Nos Estados Unidos, nova determinação da Food and Drug Administration (FDA) estabelece que homens gays e bissexuais não são mais proibidos de doar sangue. Durante décadas, eles não podiam ser doadores devido à crença de que havia risco de contaminação do banco de sangue com o vírus do HIV. A FDA diz que a nova política reflete evidências científicas mais recentes.
“Para o HIV especificamente, essa proibição para homens gays e bissexuais, que remonta à década de 1980, passou a valer a partir do momento que entendeu-se naquela epidemia, que estava no seu início, que os casos se concentravam na população de homens gays e bissexuais.

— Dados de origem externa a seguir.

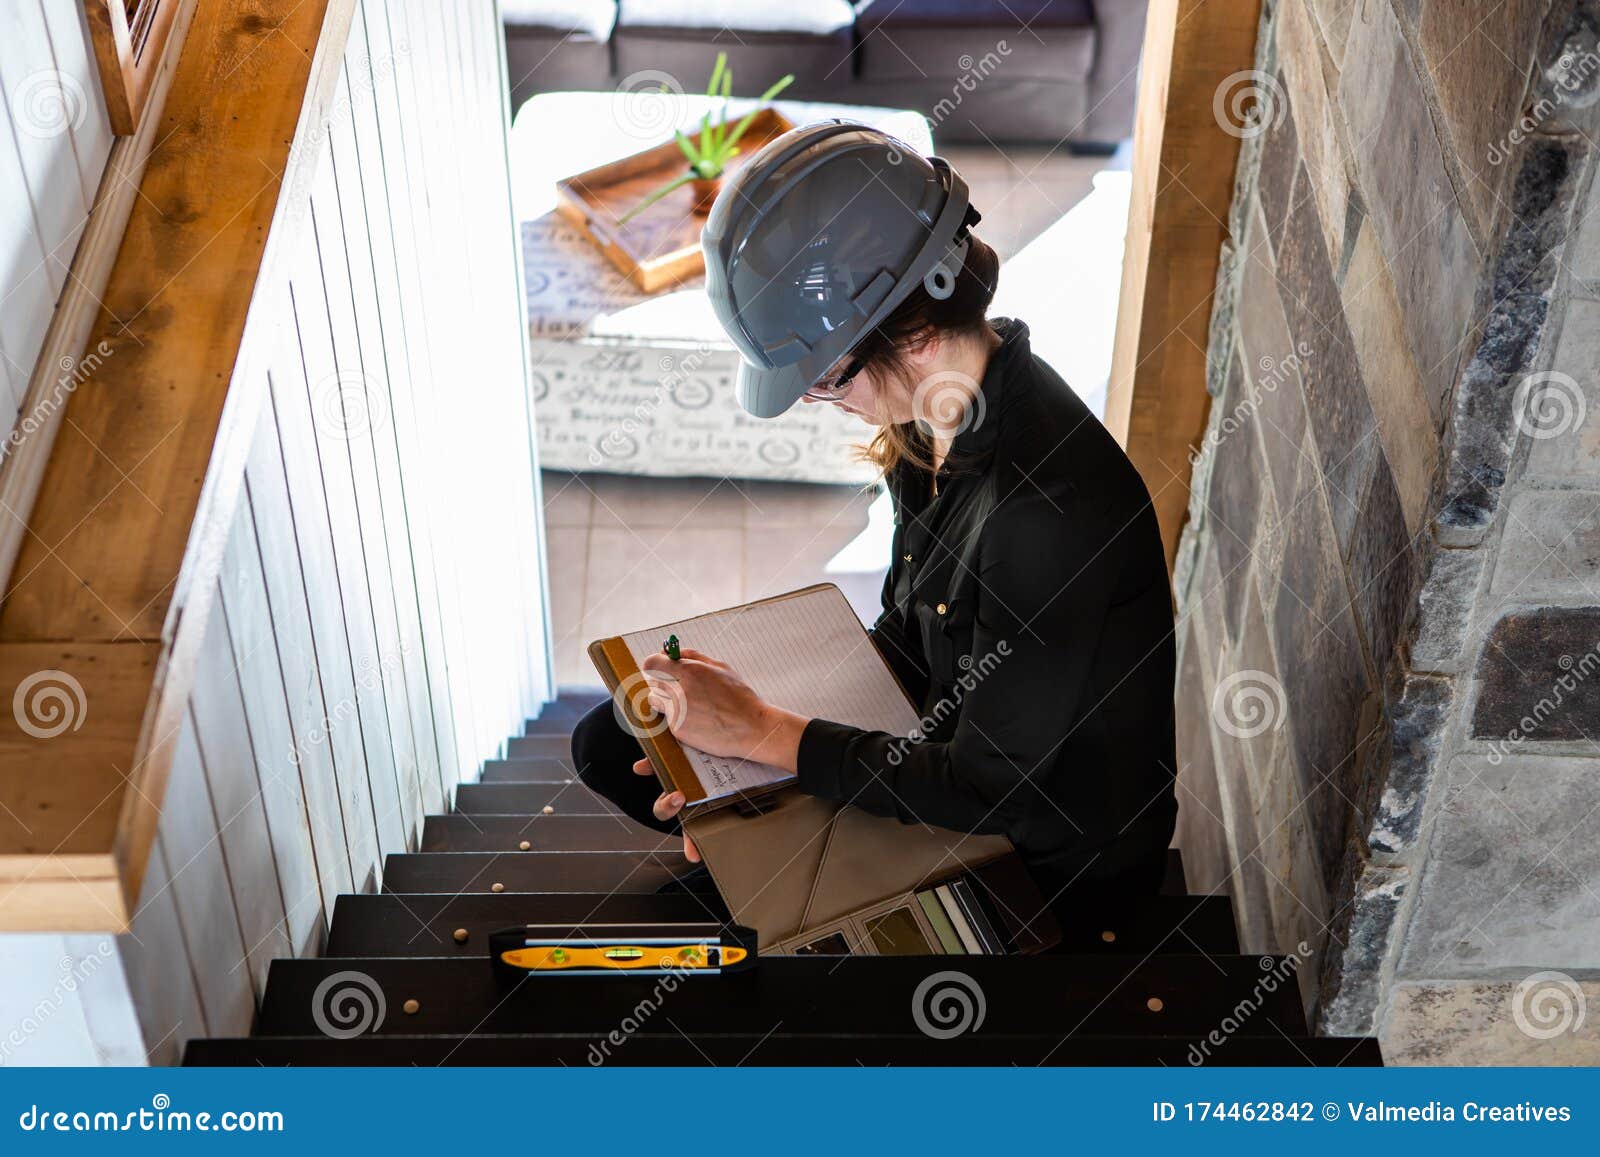 woman inspector reviewing stairs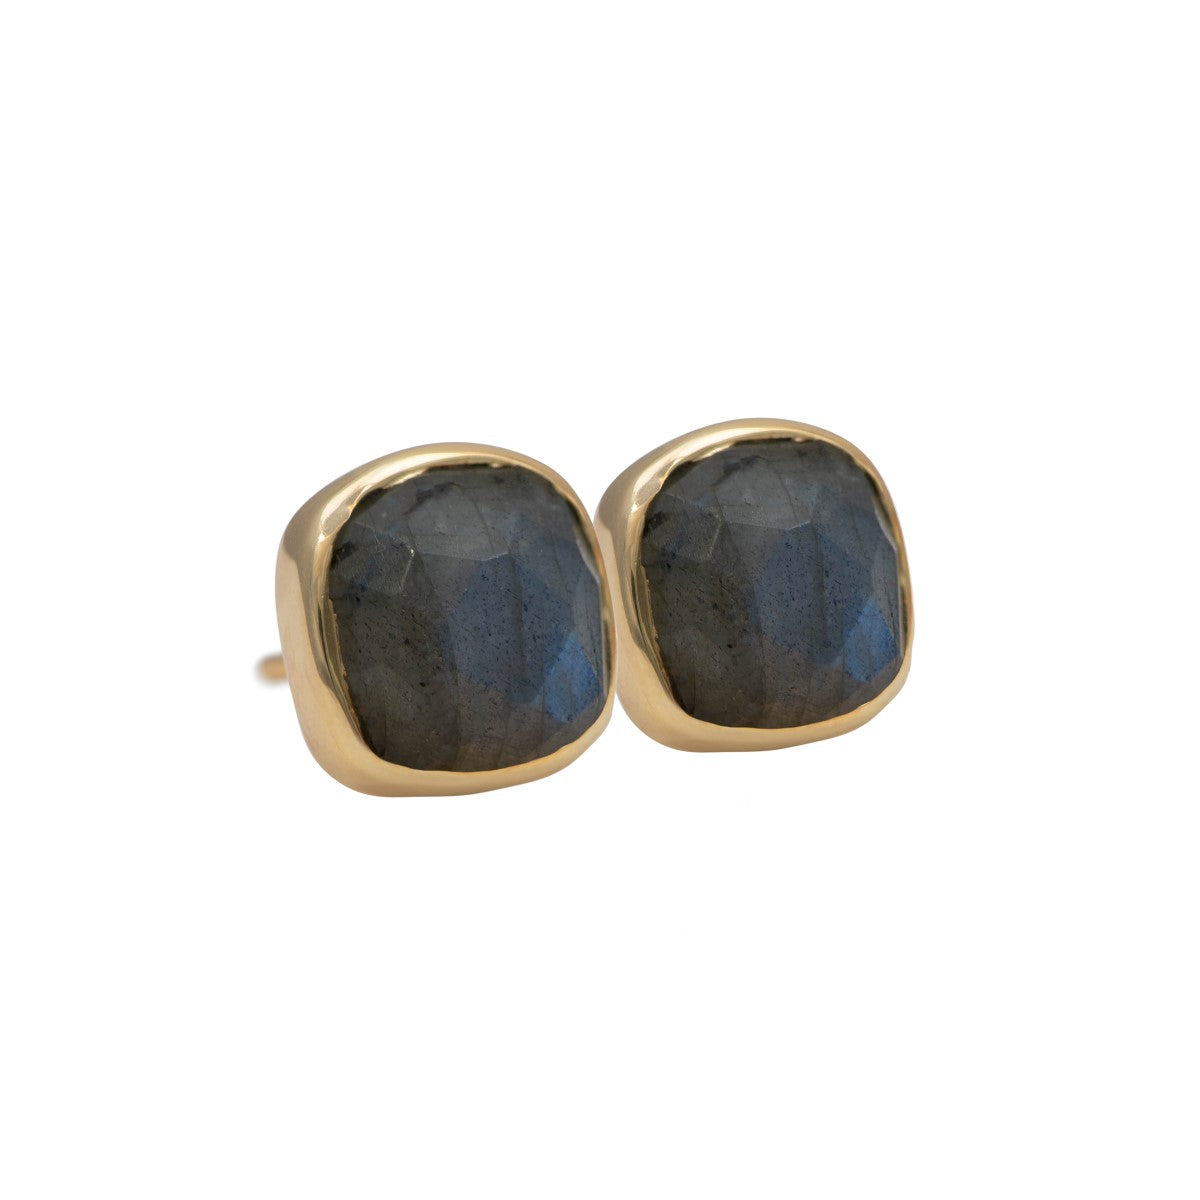 Faceted Square Labradorite Gemstone Stud Earrings in Gold Plated Sterling Silver

Então, a primeira coisa que eles fizeram, uma vez que não sabiam nem que era vírus, que era bactéria, eles proibiram a doação de sangue por homens gays e bissexuais tentando proteger aquelas pessoas que iam receber essas bolsas”, explica Ricardo Vasconcelos, infectologista, pesquisador e coordenador do estudo Mosaico sobre Vacina contra HIV no Hospital das Clínicas da Faculdade de Medicina da USP.
Doação de sangue e HIV no Brasil
Vasconcelos defende que existem formas mais eficazes do que a proibição, que podem garantir mais doadores para os bancos de sangue: “A possibilidade que ainda existe de transmissão é apenas de uma pessoa que acabou de se infectar por HIV e doou sangue naquele período em que os testes não conseguem ainda identificar que existe ali o vírus. Mas esse período é tão curto quanto uma semana, dez dias. Então, muito mais eficiente do que separar aquelas bolsas que não devem ser testadas, é entender qual é a vulnerabilidade que aquela pessoa tem na sua vida e se naqueles sete ou dez dias anteriores houve ou não risco de a pessoa ter se infectado”.
No Brasil, durante a década de 1980, a proibição ligada às relações homossexuais também acontecia, mas, hoje em dia, o cenário é diferente: “Os caminhos desses avanços aqui no Brasil são outros. A gente foi por via judicial, em 2020 teve um julgamento do STF que considerou inconstitucional a restrição na doação de sangue apenas embasada na orientação sexual de um indivíduo. Depois disso, essa decisão do STF forçou a Anvisa a rever os seus critérios de doadores em banco de sangue e a gente, em junho de 2022, tem uma atualização, que fica bem mais parecida com aquela dos Estados Unidos de agora”, diz Vasconcelos.
O professor menciona também que, no Brasil, há diversos critérios para definir a viabilidade da doação de sangue: “[Há inaptidão temporária para] a pessoa que começou um relacionamento sexual novo ou que teve múltiplas parcerias sexuais nos últimos meses e a gente tem uma inaptidão temporária de 12 meses para doação de qualquer pessoa que tenha feito relação sexual com mais de uma pessoa simultaneamente. Você vê que são critérios bem mais rebuscados, bem mais refinados e não cortam uma parte da sociedade simplesmente porque ela tem relações com uma pessoa do mesmo sexo”.
Mudança emergencial
Durante a pandemia da covid-19, aumentou-se a necessidade de mais doadores para os bancos de sangue e então foram diminuídas as restrições para doação de sangue por homens gays e bissexuais: “[A restrição total] em 2015, lá nos Estados Unidos, sofreu uma mudança e era permitido que um homem gay doasse sangue se ele tivesse ficado 12 meses sem ter nenhuma relação sexual, e aí depois, em 2020, durante a pandemia da covid, no período em que os estoques dos bancos de sangue estavam bem baixos, eles queriam colocar mais doadores permitidos para doar, e aí eles encurtaram de 12 meses para três meses”.
Isso aconteceu porque se entendeu que comportamentos e fatores que não permitem a doação de sangue podem ser observados em pessoas de qualquer sexualidade: “Chegamos agora, em 2023, neste momento em que uma pessoa gay, só por ser gay, ela não é proibida [de doar sangue]. Mas, dependendo do tipo de exposição e comportamento sexual que ela tem, não importa se ela é gay, hetero ou o que for, ela poderá ou não doar sangue”, argumenta Vasconcelos.
“Até mais moderno do que comportamento de risco é a abordagem da vulnerabilidade, que entende que todas as pessoas do mundo têm alguma vulnerabilidade ao HIV e que essa vulnerabilidade pode ser maior ou menor, a depender de múltiplos fatores, que vão muito além apenas do comportamento sexual da pessoa. Por exemplo, se eu sou um homem gay e moro num país que criminaliza a homossexualidade, eu tenho a minha vulnerabilidade ao HIV aumentada, porque eu terei menos acesso à saúde, a um atendimento de qualidade, à testagem ao tratamento do HIV, porque tenho que esconder a minha homossexualidade”, completa.